Thank you for posting this. Very helpful! However, I do have a question – pardon if it’s a silly/dumb one. In the Page Views section of the post, you mentioned that “Page Views gives you how many unique people viewed your fan page and how many page views those people generated”. What part of this section illustrates how many page views were generated by the unique page viewers? Does my question make sense? Thank you!
Hi Alex, the green line shows unique visitors, the blue line shows the # of page views generated. So if you show the green line at 2 and the blue line at 10, that would mean that 2 people generated 10 page views. One could deduce that the average unique visitor generates 5 page views, but that would just be an estimate. Also, there is no way to see how many per each individual. It’s an aggregate. Hope that answers your question.

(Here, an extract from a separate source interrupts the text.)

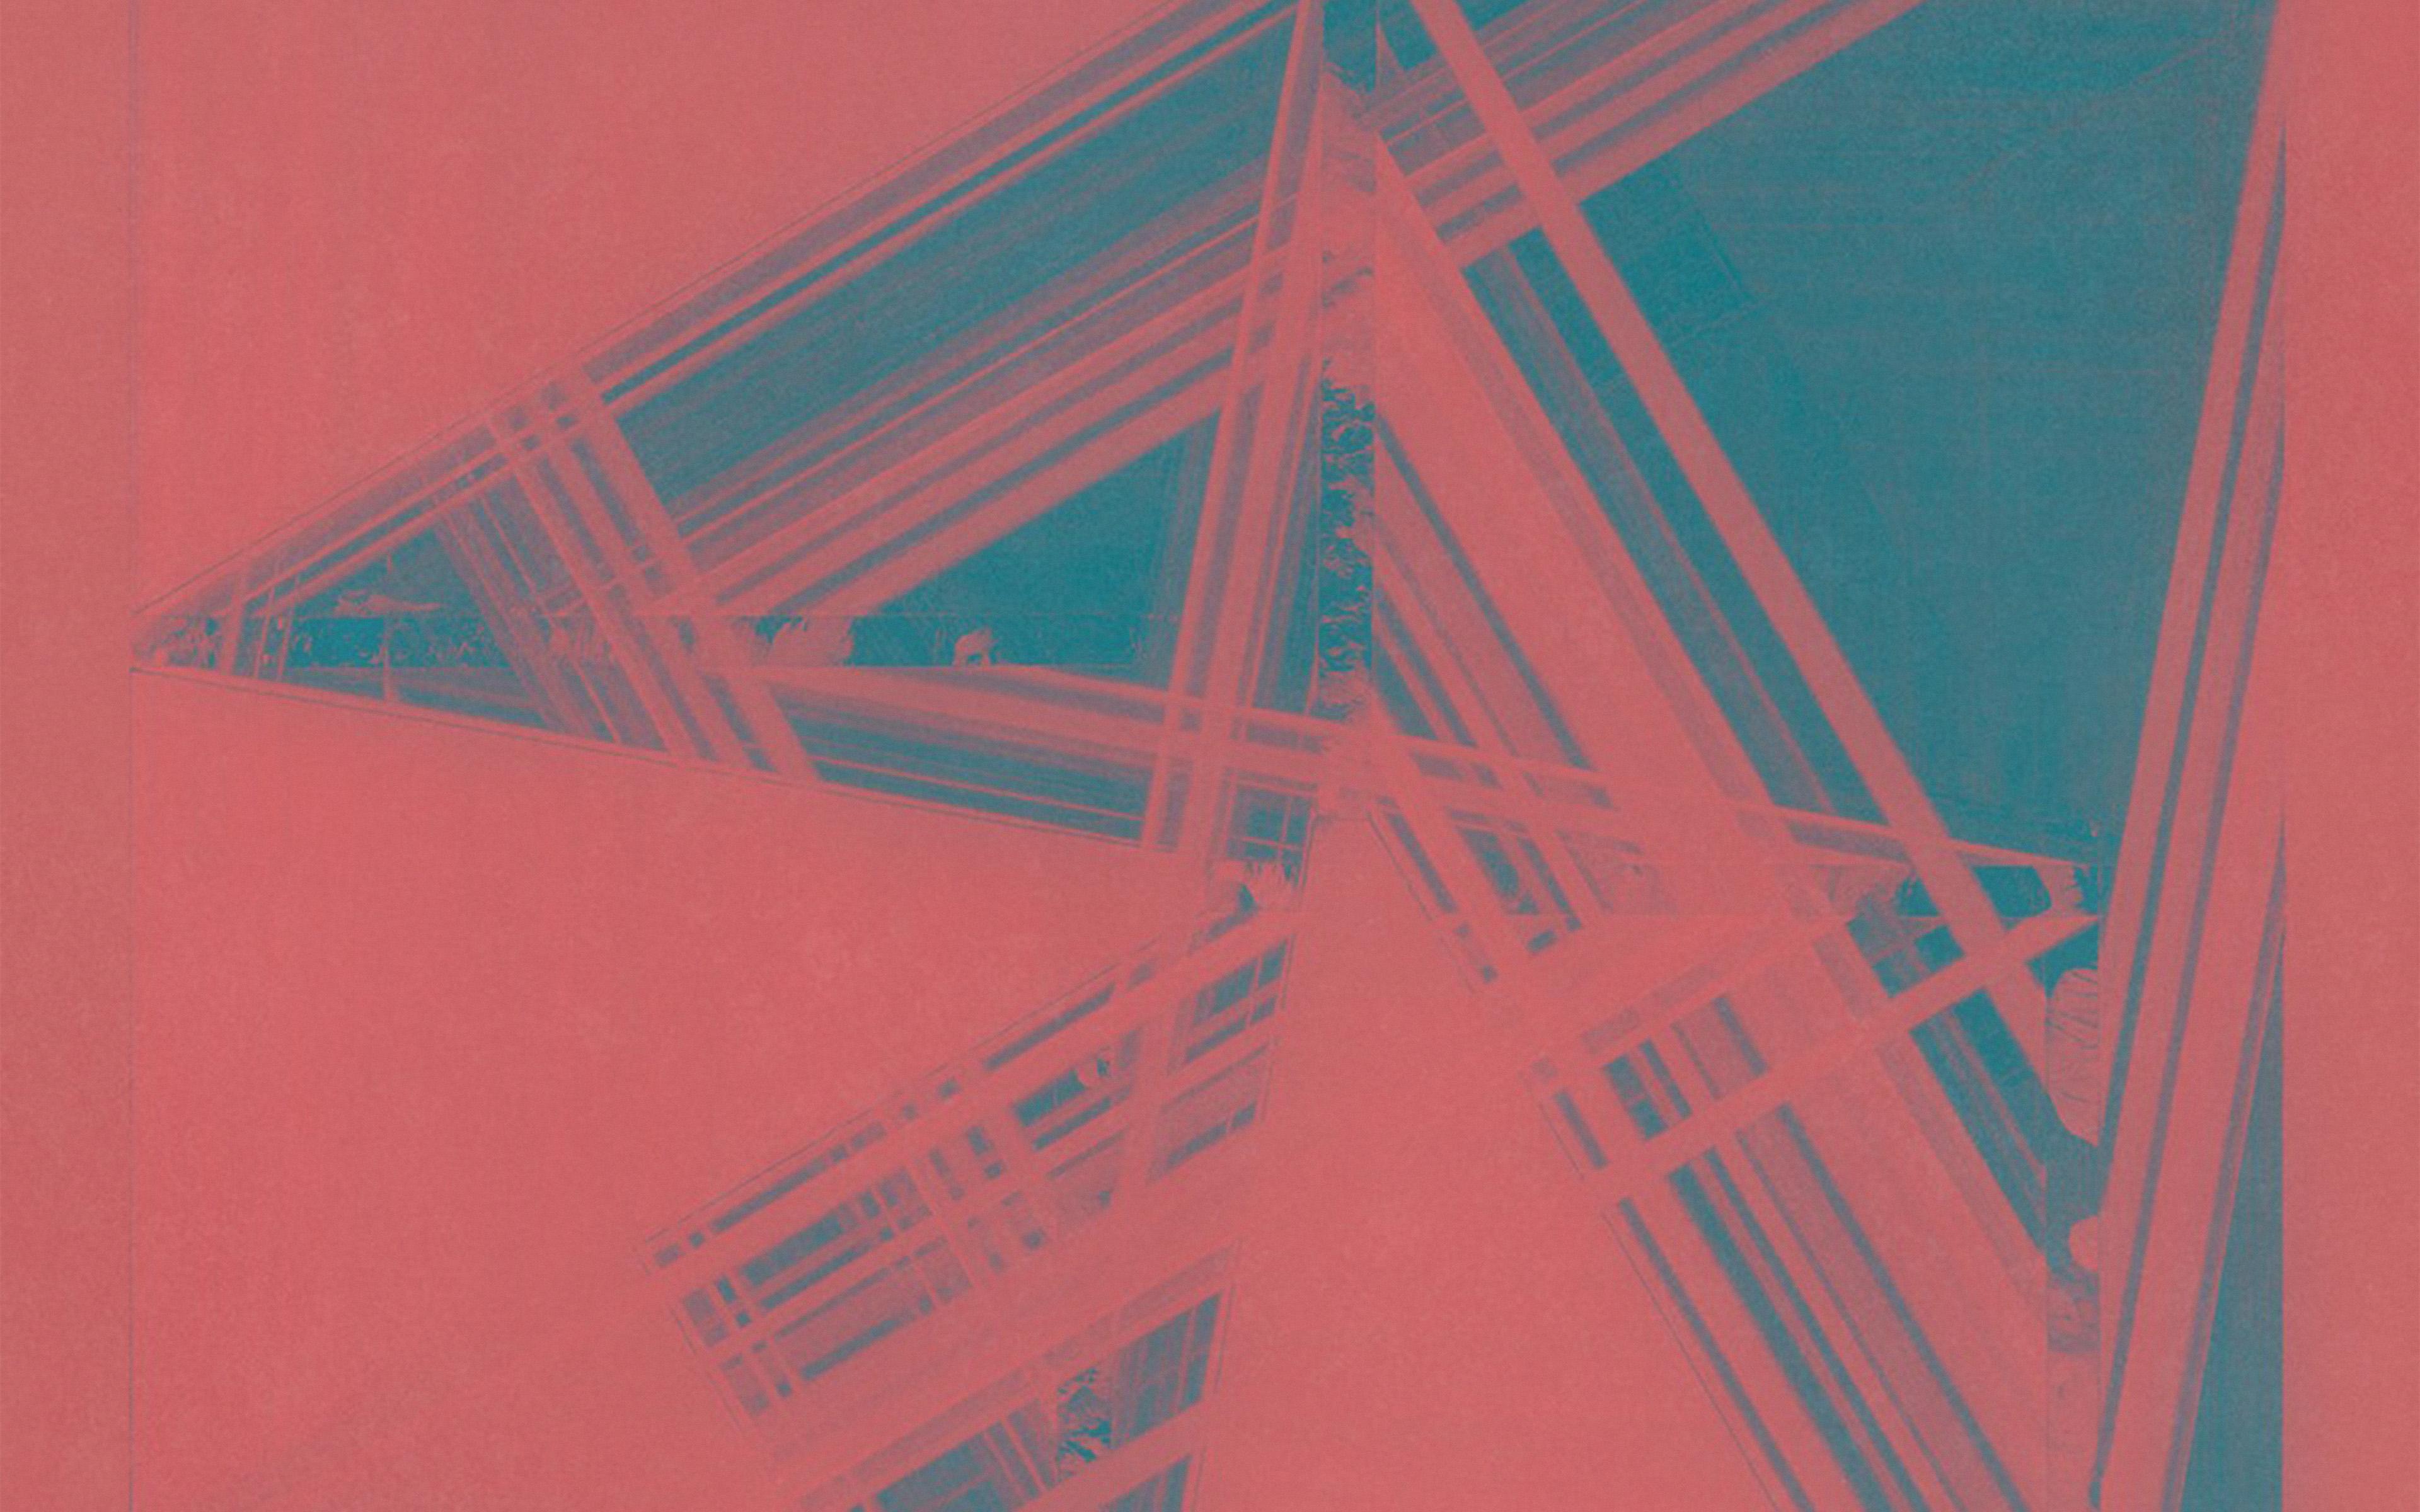 Au05 Music Cover Art Blue Pink Death Cab For Cutie Illustration

What a nice tips from you! I have come to the right place while searching something helpful for me. Thanks for the share!
These are good tips to remember. I honestly say that i just used Facebook as what i have known. I am not really aware of these things i just post statuses on my wall. Thanks for the share!
25% of the fan base (4196) on my Facebook page, Groovy Reflections, are “talking about it”. My other page, MODern Marketing 4 U, is currently around 10% with a total of 363 fans. I’m surprised to see the low percentages stated here. Going to do my best to keep the captive audience interested and engaged!
Way to go Gerry. You are definitely doing something right because those #s are above average. Congrats! And thanks for sharing!
Anytime Tracy!
Amazing blog simply amazing i think its the easiest way to understand facebook insight. I also know now so ill use also yayyyy :D
Thanks for sharing this piece of information. It’s very helpful to understand further about my page.
Thanks Janet, glad you found it useful!